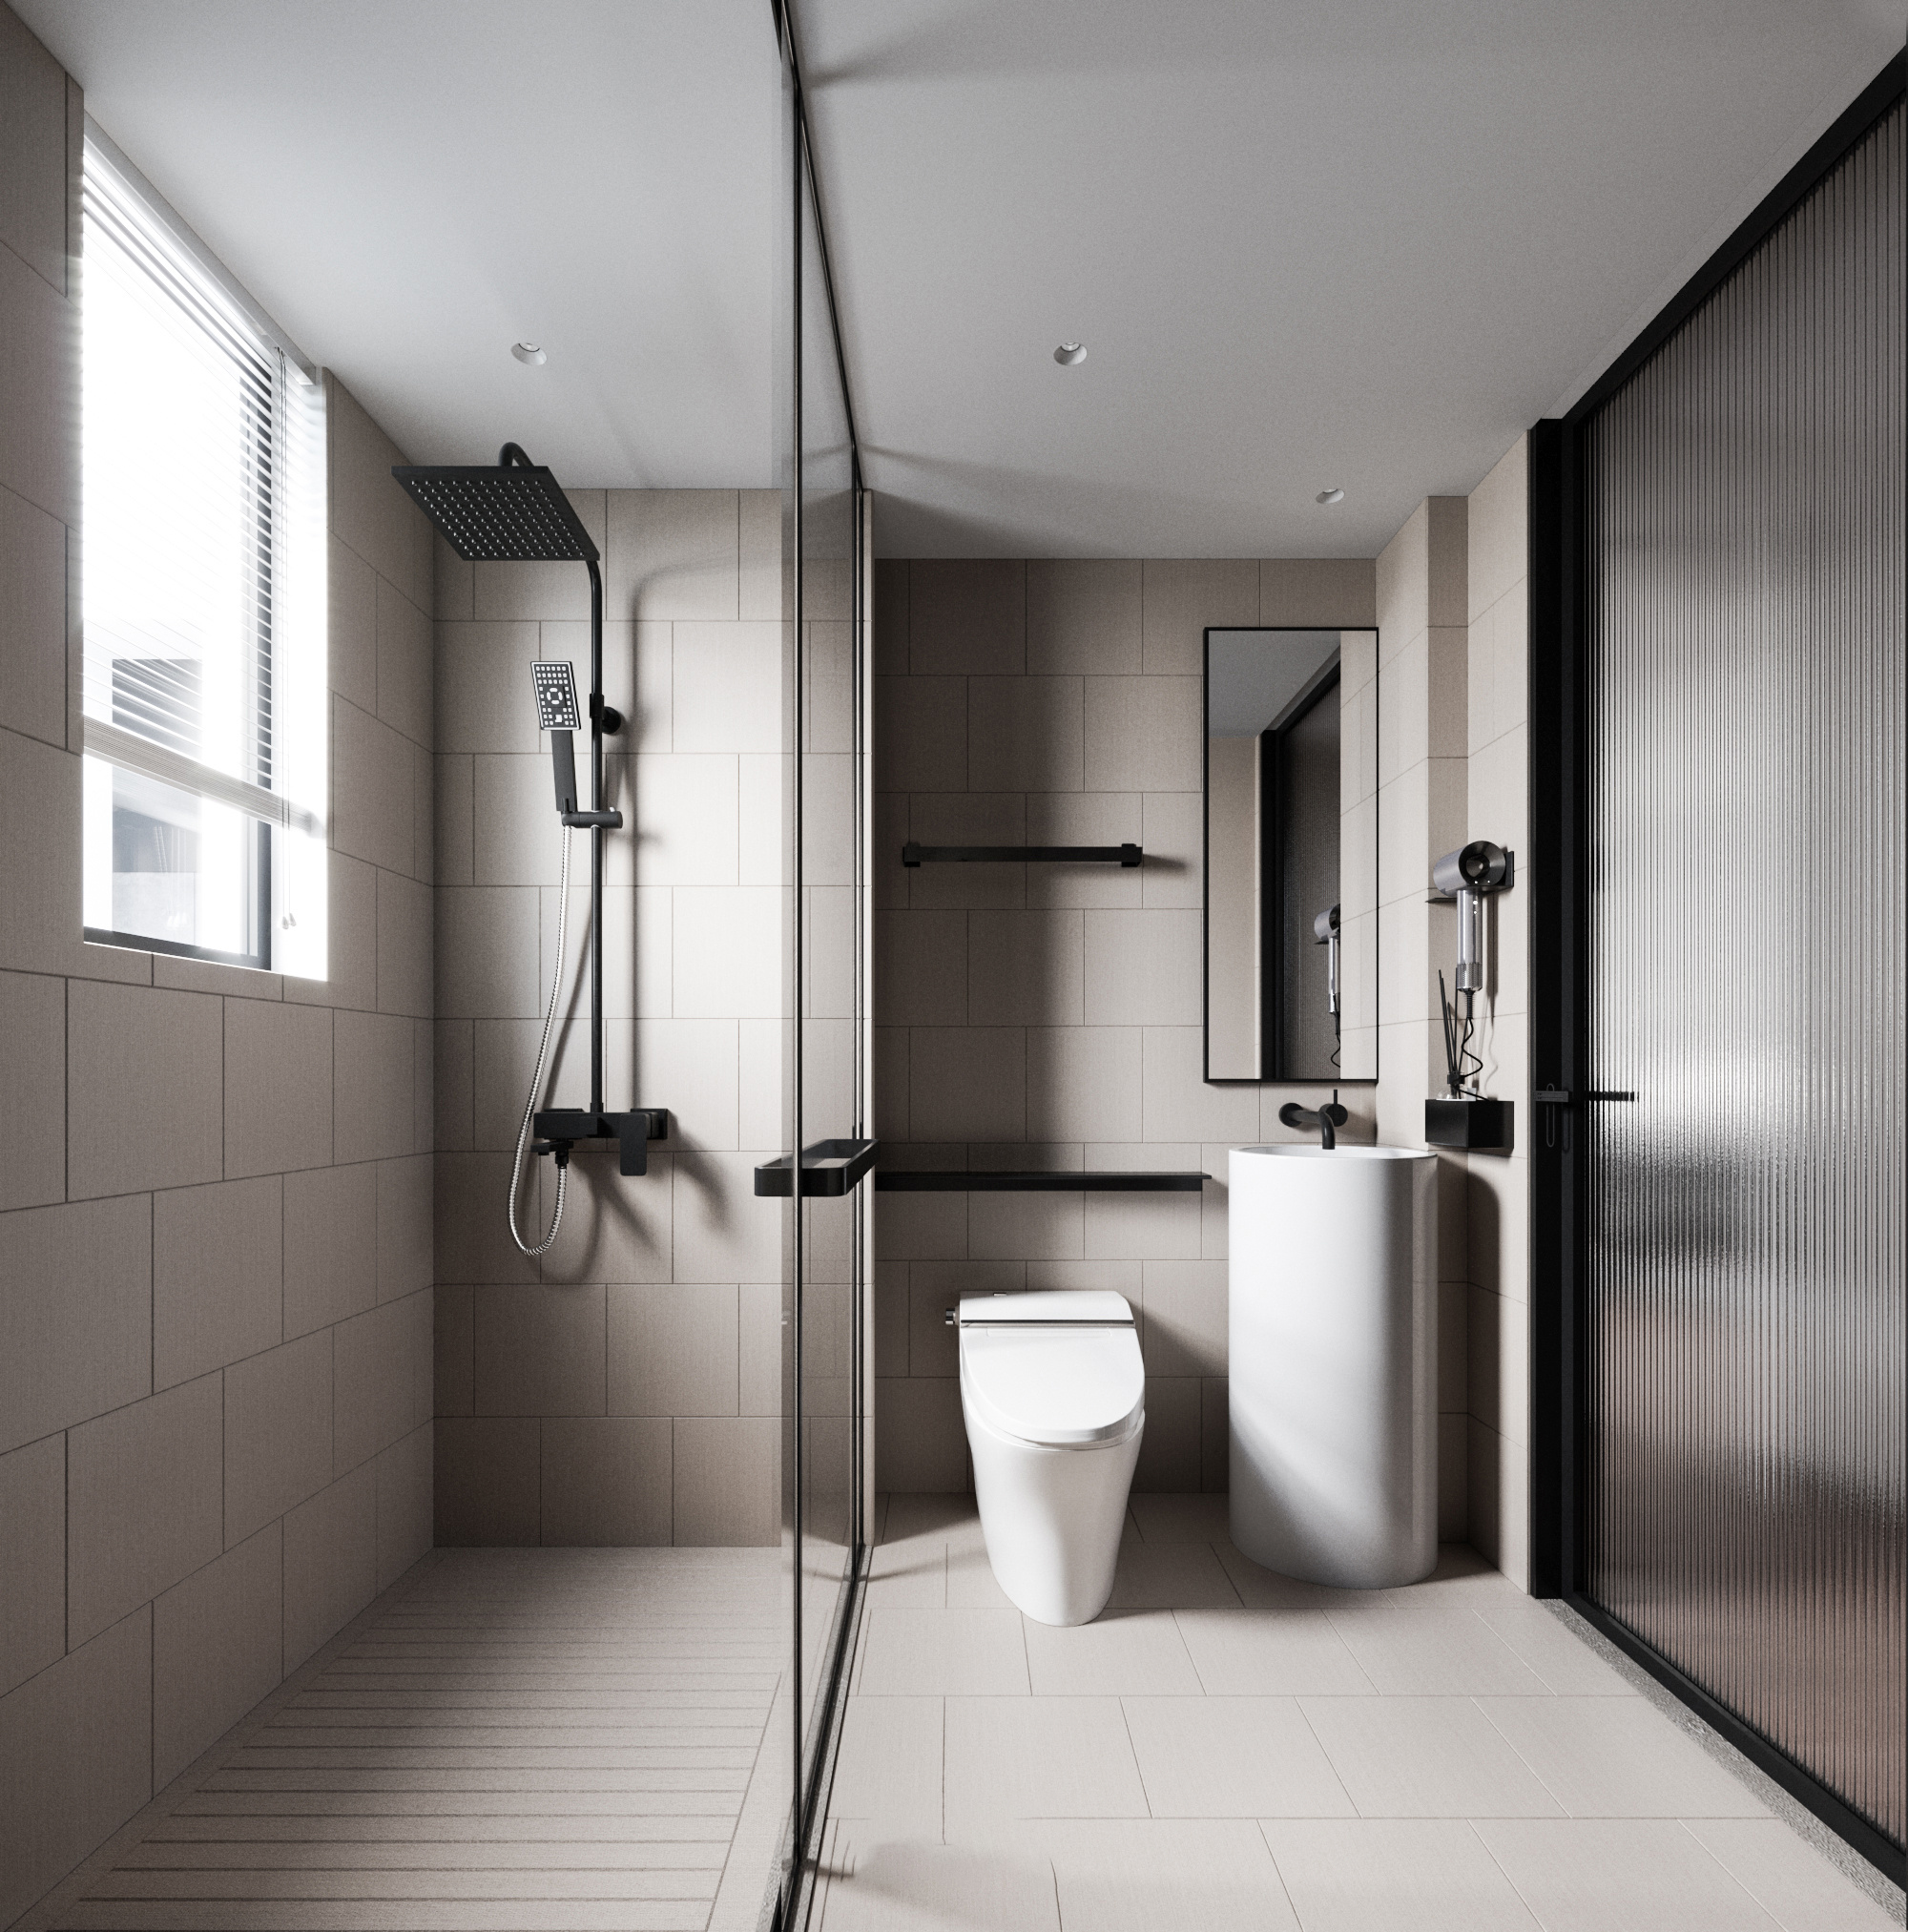 衛浴空間採用乾濕分離的設計，保留部分空間乾燥舒適的空間
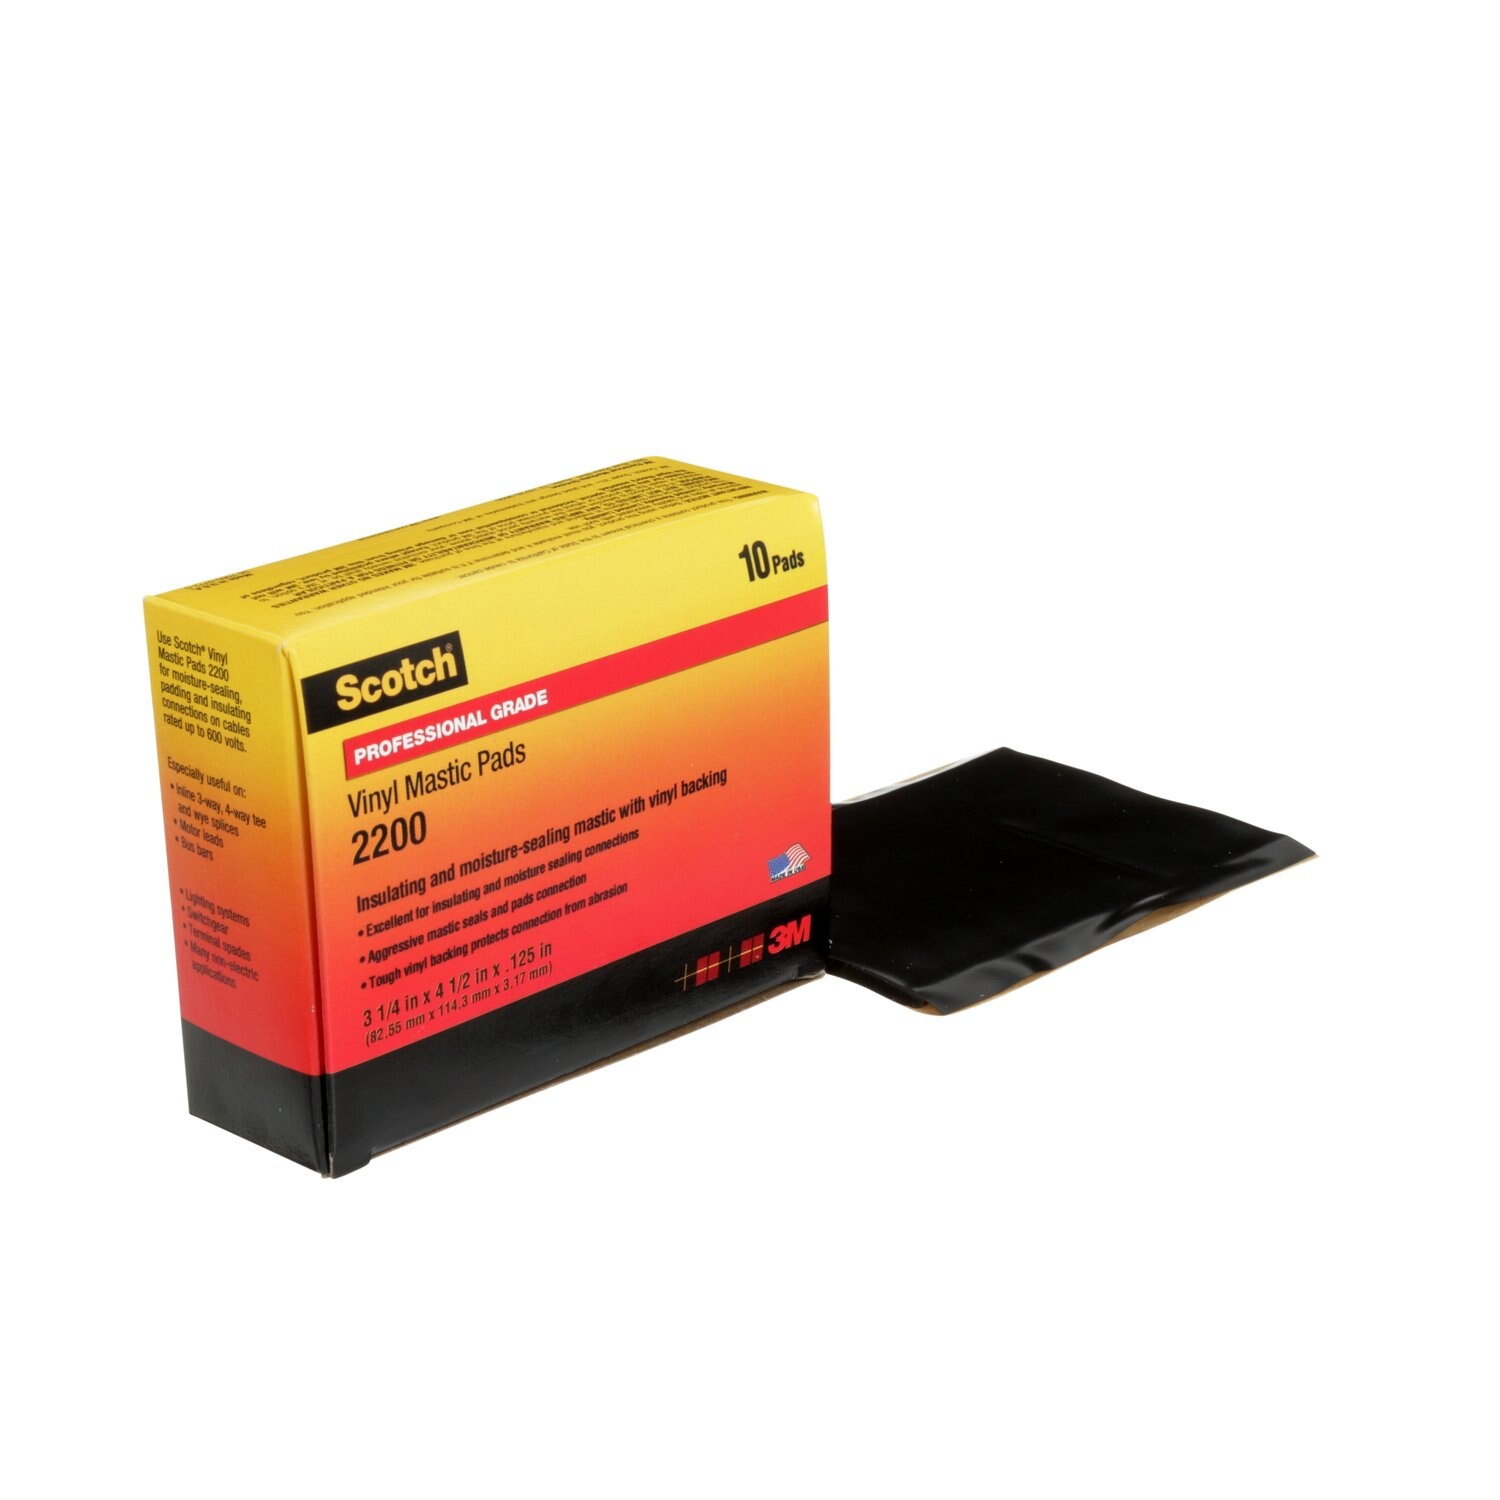 7000057773 - Scotch Vinyl Mastic Pad 2200, 3-1/4 in x 4-1/2 in, Black, 10
pads/carton, 50 pads/Case

### [WHAT THE TASK ASKS]
Copy out every line of the data exactly, leaving the images behind.

### [RESPONSE BOX]
 衛浴空間採用乾濕分離的設計，保留部分空間乾燥舒適的空間
 7000057773 - Scotch Vinyl Mastic Pad 2200, 3-1/4 in x 4-1/2 in, Black, 10
pads/carton, 50 pads/Case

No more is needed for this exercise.